Merci pour vos reviews. Continuez à m’en laisser si vous voulez la suite,lol. Je suis cruelle, je sais.

 

Passé à oublier

 

 

 

    Léhonora avait refusé les haltes, elle allait droit devant, déterminée à fuir loin de cette citée. Des larmes coulèrent sur ses joues, larmes de colère et de chagrin. Elle venait de perdre sa famille, abandonnée son unique fils et plus encore, elle avait fait couler son propre sang. Aucun de ses compagnons ne tenta de l’arrêter, voulant, eux aussi, s’éloigner le plus rapidement possible. Mais devaient-ils la prier de se stopper une heure ou deux afin de faire souffler les chevaux ? Gryoth fit accélérer sa monture afin d’être à la hauteur de son amie et vit ses larmes.

  - Faisons souffler les chevaux. Ils ne tiendront pas à cette allure.

    Léhonora se contenta de hocher la tête et les dirigea vers la lisière de la forêt. Le jour allait bientôt se lever mais elle savait que les siens ne partiront pas à leur recherche. Il fallait qu’elle fasse définitivement un trait sur son passé. Durant sa captivité, elle avait toujours espéré pouvoir revoir sa famille, être de nouveau réunit mais cela n’avait été qu’un rêve. Son passé n’existait que dans sa mémoire et elle devait l’oublier sinon, elle ne cessera jamais de souffrir.

    Elle sécha ses larmes du revers de la main, stoppa Silmanarë et regarda ses compagnons.

  - Nous passerons par le Rohan. Je sais par mon cousin Meneldil que le Seigneur d’Angmar le dirige pour Sauron.

  - Tu sais qu’il ne t’a jamais porté dans son cœur, étant donné qu’il n’en a pas, et il ne t’aidera pas, au contraire, il jugera que tu as trahis le Seigneur des Ténèbres.

  - Nous n’avons pas d’autre choix. Nous n’avons ni eau ni nourriture, nous ne parviendrons jamais jusqu’au Gondor sans son aide.

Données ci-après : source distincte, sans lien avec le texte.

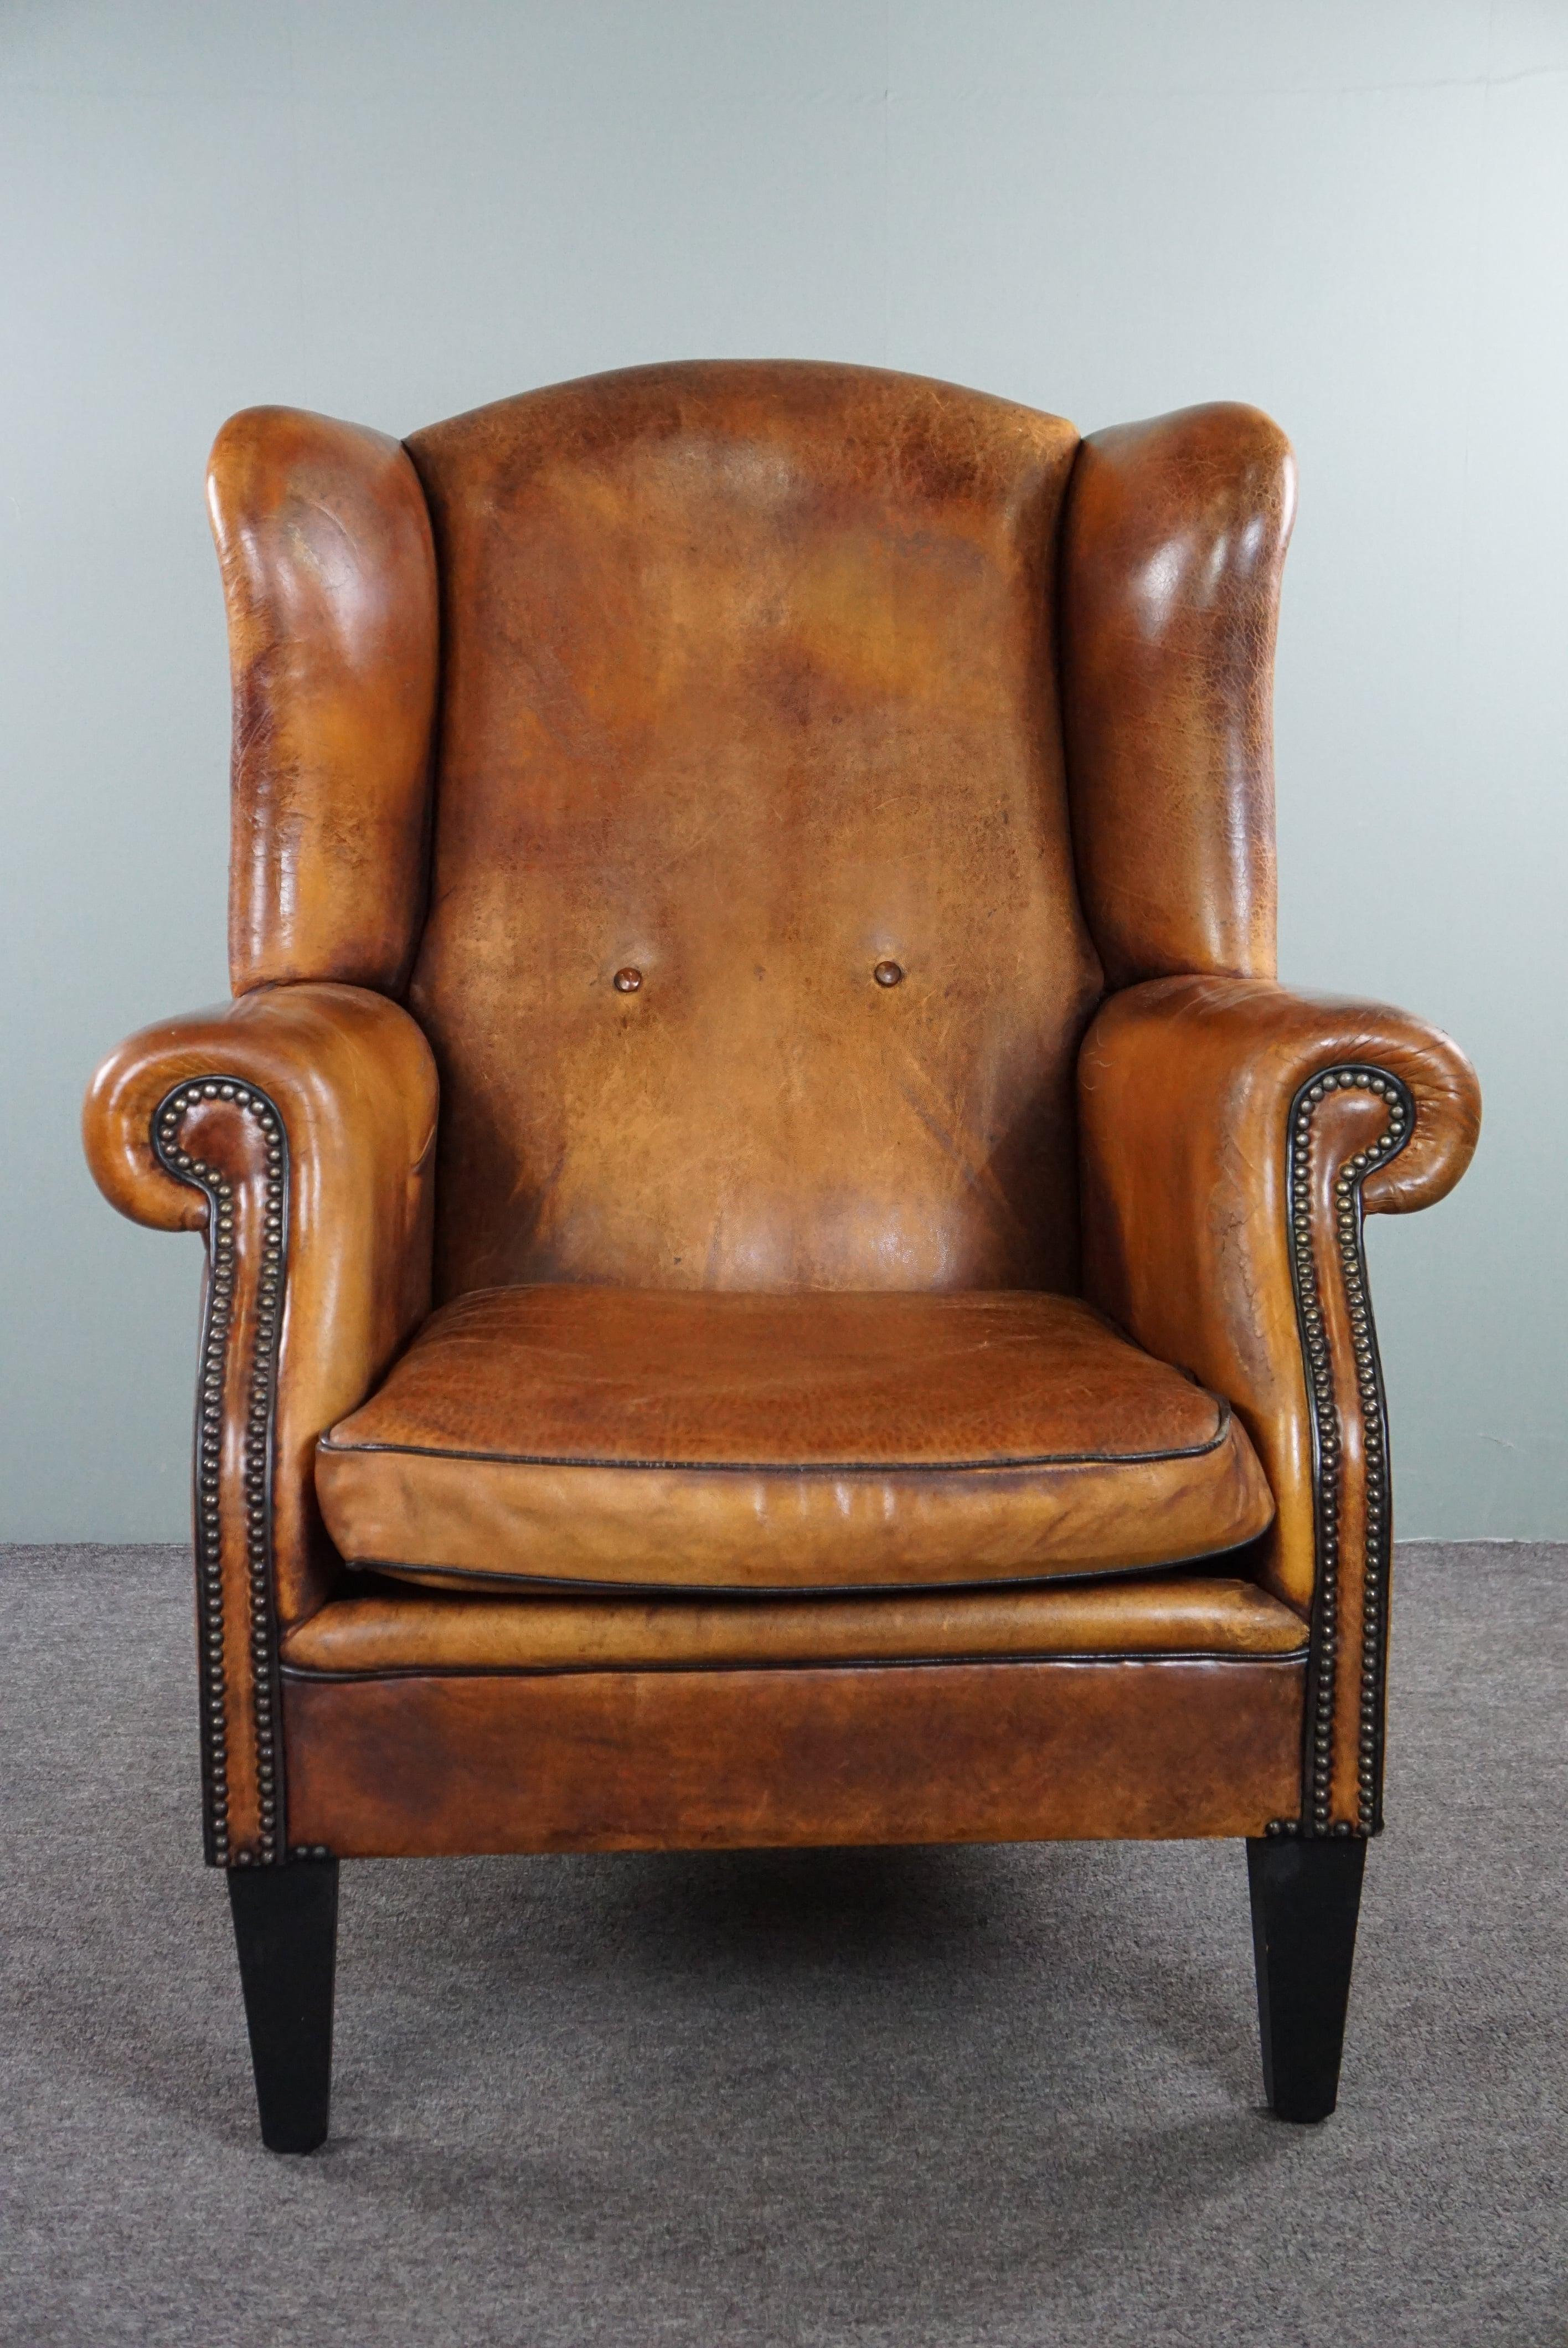 Angeboten wird dieser schöne große und charmante Schafsleder-Sessel mit sehr gutem Sitzkomfort. Wenn Sie auf der Suche nach einem Ohrensessel sind, suchen Sie wahrscheinlich nach einem schönen, charmanten Sessel mit herrlichem Leder, in dem man auch

    Gryoth voulu répliquer mais elle avait apprit à ne jamais le faire, surtout face à elle. Une fois que Léhonora était décidée, même la puissance des Valar ne pourraient pas la dissuader. Ils s’arrêtèrent à la lisière de la forêt. Comment parviendront-ils à rejoindre Edoras sans vivres ? Léhonora laissa ses compagnons dormirent pendant qu’elle tentait de trouver une solution.

    Au réveil de ses compagnons, elle s’empressa de se préparer au départ et les mena à grande allure. Edoras était à une semaine s’ils continuaient à avancer ainsi. De plus, maintenant que le royaume était sous l’emprise de Sauron, ils pouvaient voyagé sur les routes les plus directes tout en prenant garde de ne pas croiser les Dùnedain. Léhonora ne se sentait pas totalement libre, elle ignorait la réaction de Sauron à son retour et cela l’effrayait un peu.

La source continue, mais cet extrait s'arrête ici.